Name	Name	Last commit message	Last commit date
parent directory ..
README.md	README.md
main.go	main.go

Long-Term Memory Example (RAG + Qdrant)

An interactive terminal chatbot that demonstrates semantic (RAG) memory for multi-turn conversations.

This example shows:

REPL-style interaction - Chat naturally in a loop
Semantic memory - Retrieves relevant past snippets based on your current message
Vector store - Memory is persisted in Qdrant
Memory commands - Recall snippets, clear memory, show configuration

What you'll learn

How to use memory/rag to recall relevant past messages
How to back semantic memory with vectorstore/qdrant
How to implement a chat loop with persistent state
How to manage semantic memory (recall, clear)
How memory affects agent responses

Run

This example uses an embedding model to store/retrieve memory.

You also need a Qdrant instance reachable via gRPC (default port 6334). For local dev:

docker run --rm -p 6333:6333 -p 6334:6334 qdrant/qdrant

Option A: Local Ollama (OpenAI-compatible)
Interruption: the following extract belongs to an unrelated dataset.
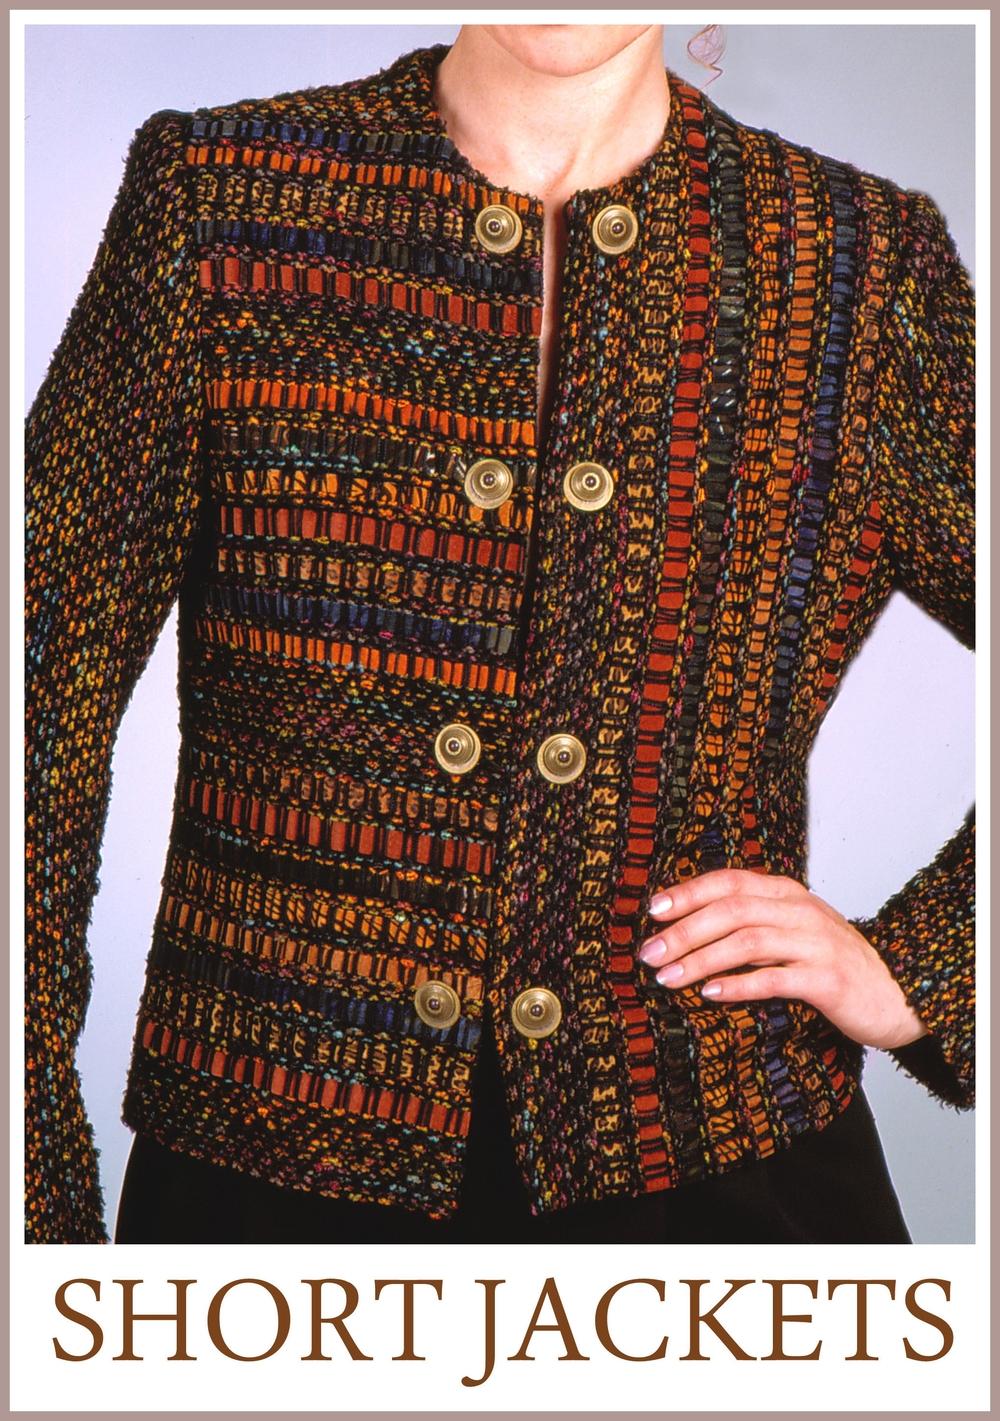 Kathy Weir-West, Artist, Weaver, Fashion Designer 3.jpg

export OPENAI_BASE_URL=http://localhost:11434/v1
export OPENAI_MODEL=gpt-oss:20b-cloud
# OPENAI_API_KEY can be empty for Ollama

go run ./examples/long-term-memory

Option B: OpenAI

export OPENAI_API_KEY=...your_key...
export OPENAI_MODEL=gpt-4o-mini

go run ./examples/long-term-memory

Flags

go run ./examples/long-term-memory -- \
  -topk 5 \
  -qdrant-host localhost \
  -qdrant-port 6334 \
  -qdrant-collection long_term_memory

Usage

Chat normally

Just type your message and press Enter:

> What's your name?

I'm a conversational assistant. You can call me Assistant. How can I help you today?

> Remember that my favorite color is blue.

Got it! I'll remember that your favorite color is blue.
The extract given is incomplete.